Well, we counted our eggplants before they hatched. A few days ago, I went to look at the two beautiful little purple orbs and found that one of them had been gnawed to the nub by some sloppy creature who left shreds of its lunch in the dirt below. Aside from losing the fruit of our labors, I was a little discomfited by the thought of something big enough to chow down a small eggplant in one meal hanging out on the balcony next to our bedroom.

Well, I'll show it, I thought. One of the groundskeepers at Claremont told me that a good non-toxic way to protect fruits and vegetables from pests was to spray them with a solution of water and dishwashing liquid. He explained that they don't like the taste so they leave them alone and all you have to do is wash the soap off before you eat it. I tried that. Our creature went ahead and ate the other eggplant in the same manner. Apparently, he or she thought we had a special on the menu that day and were serving it a la parmigiana. Okay, I don't know much about gardening and I'm stumped. But we've got two more incipient eggplants and I'd really like to protect them. Any ideas out there?

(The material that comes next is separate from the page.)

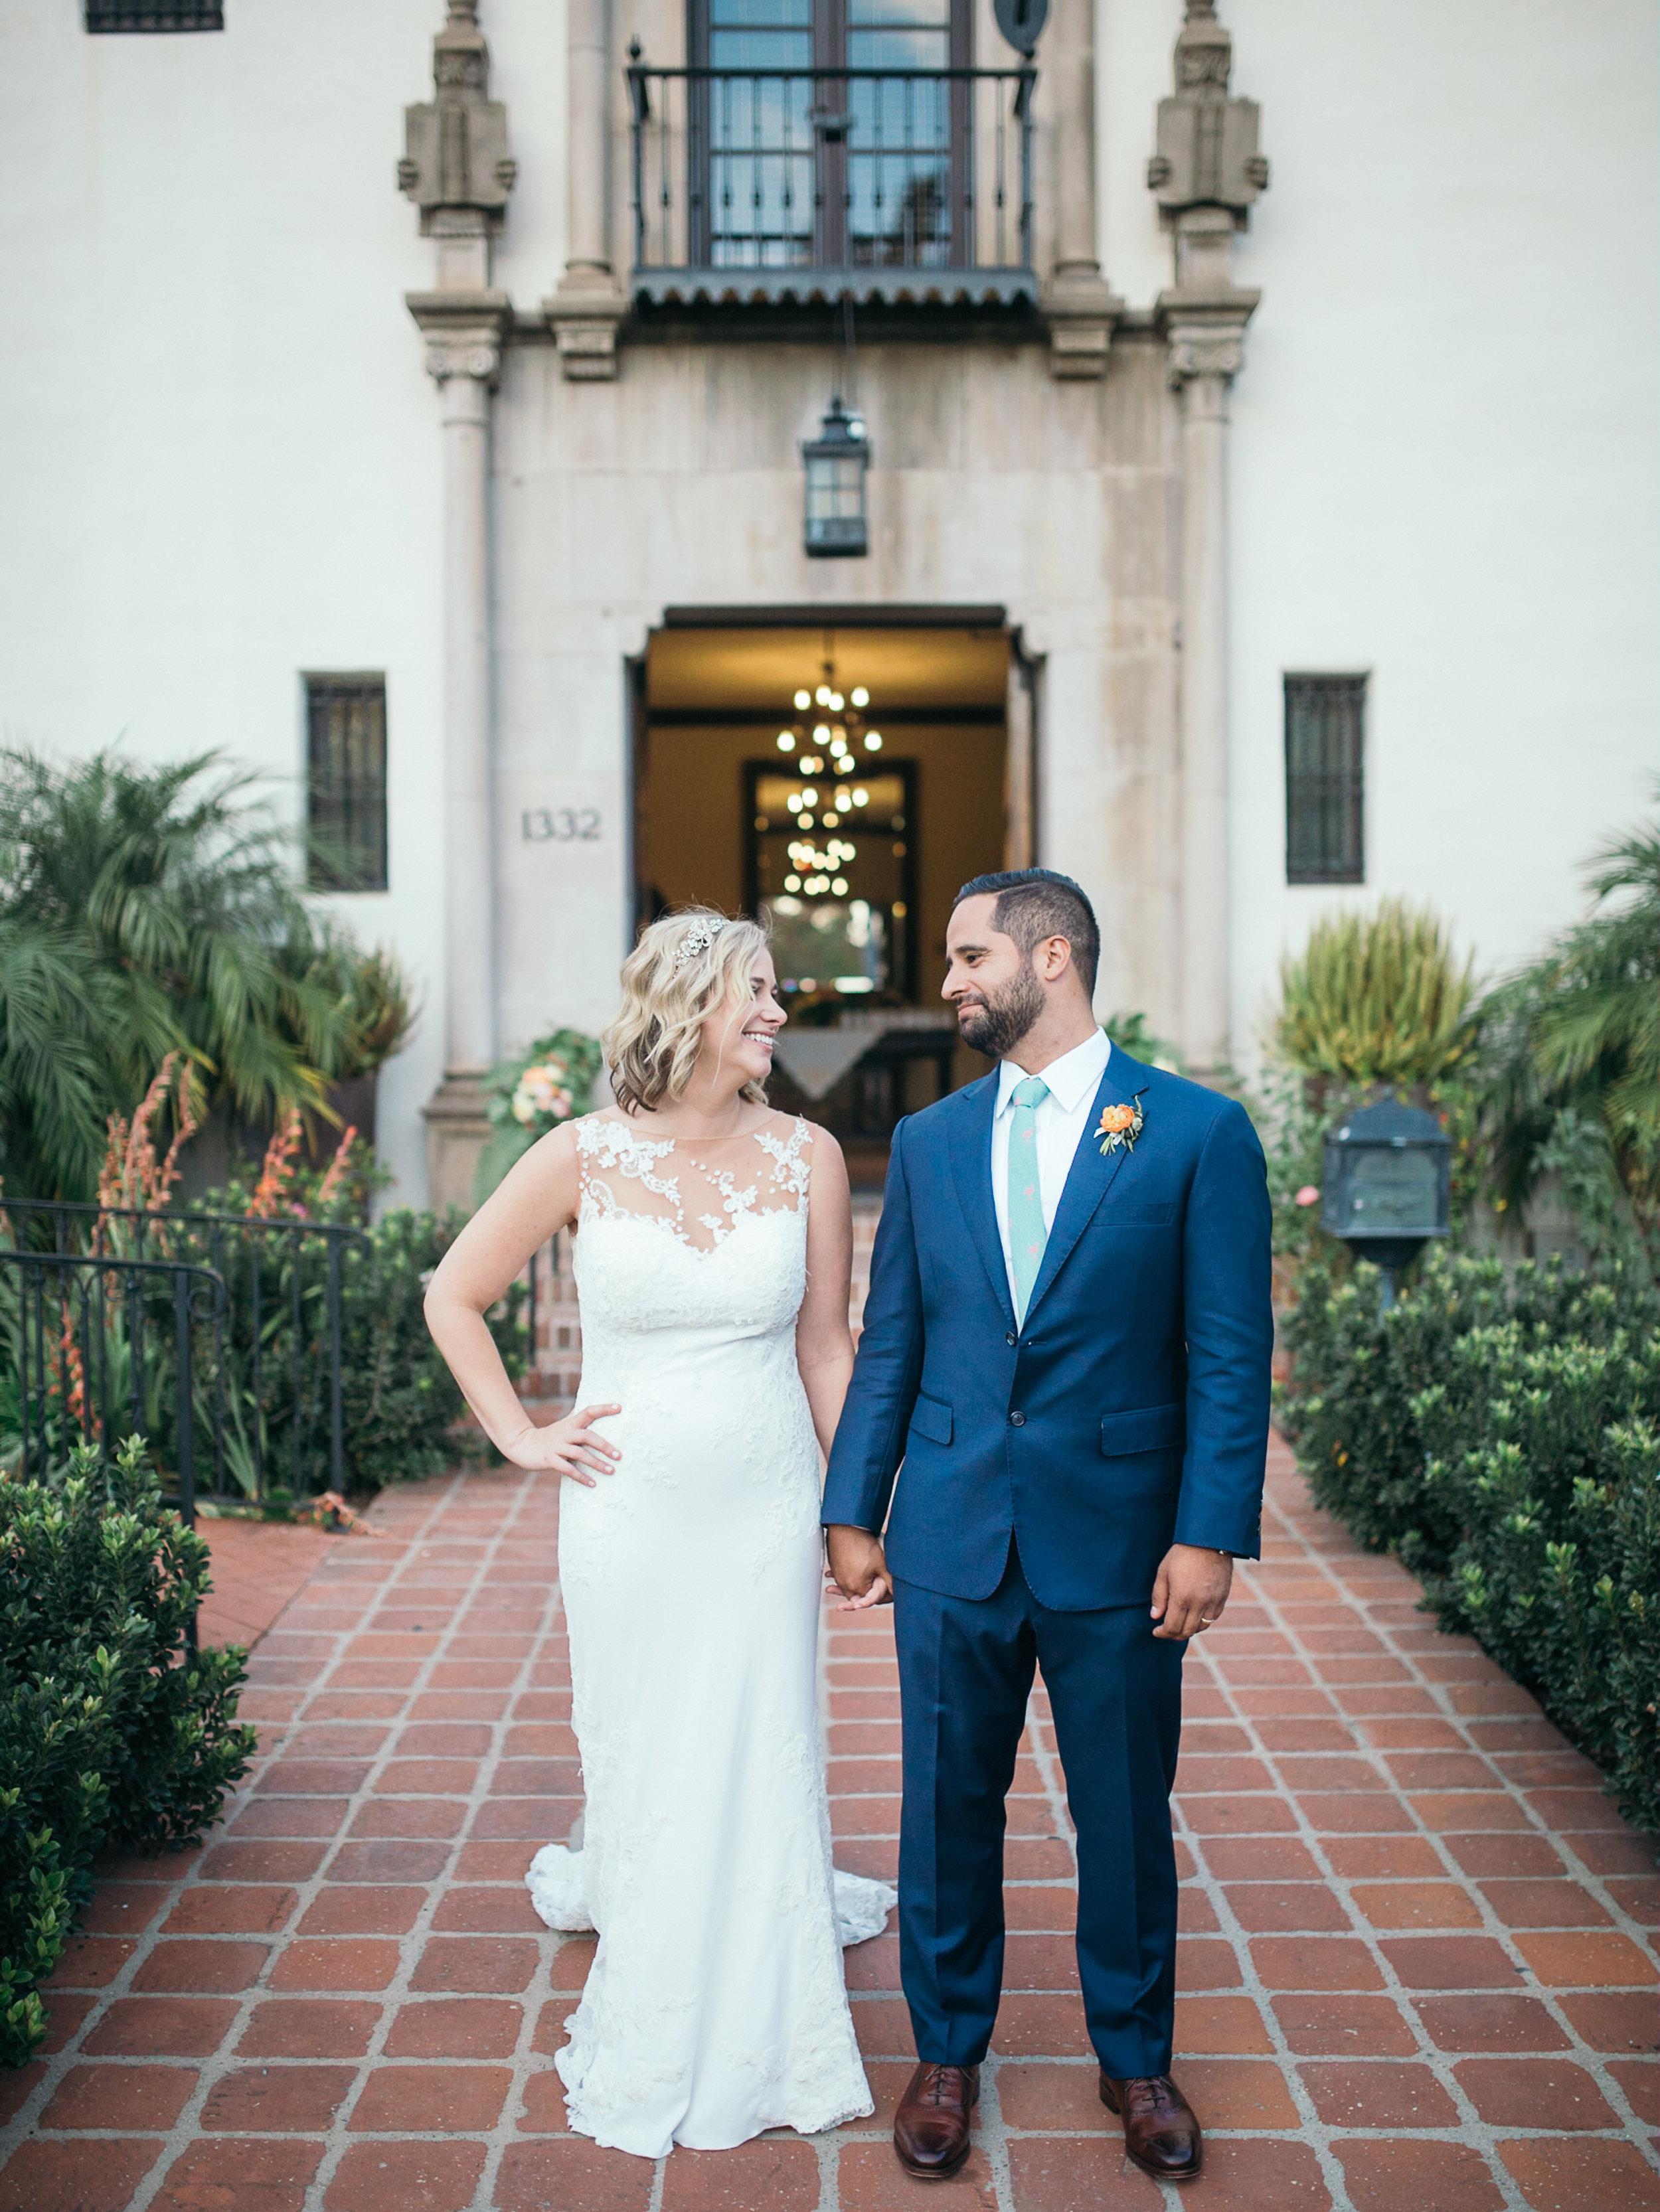 www.santabarbarawedding.com | Kiel Rucker | Riviera Mansion | Bride and Groom

Monday, September 21, 2009

I'm Worried

What if Dr. Gregory House, after his discharge from a New Jersey psychiatric facility, returns to work just a nice, brilliant doctor?
Someone needs to tell him that sanity is not all it is cracked up to be.
Oh, wait a minute.
He isn't real.
Never mind.
Still, sanity is not all it is cracked up to be.
If it were, the people who claim to be sane would be a lot happier.
And so I worry about Dr. House. If he's sane will he still be able to enjoy misery?
Stay tuned.
I know I will.

Sunday, September 20, 2009

Bathroom Graffiti

I like reading the graffiti in public bathrooms. I get a sense of the cosmic yearnings and the petty jealousies of a neighborhood.
Yesterday I found myself in a bathroom in a convenience store/gasoline station somewhere along Interstate 15 south of Ontario and north of Escondido.
Written on the walls were the usual I loves and I hates. And then there was this: Never stop believing.
Never stop believing.
Having no idea the intentions of the author of that particular graffiti, I chose my own meaning. Taking that meaning to heart, I will try to never stop believing in miracles and in my own ability to create those miracles.
Words can change lives. Even words written on the bathroom walls of roadside convenience markets.
Here's to hope.

Friday, September 18, 2009

Awake Ye Sleepers







At this mandated time of renewal rejoice in life's possibilities.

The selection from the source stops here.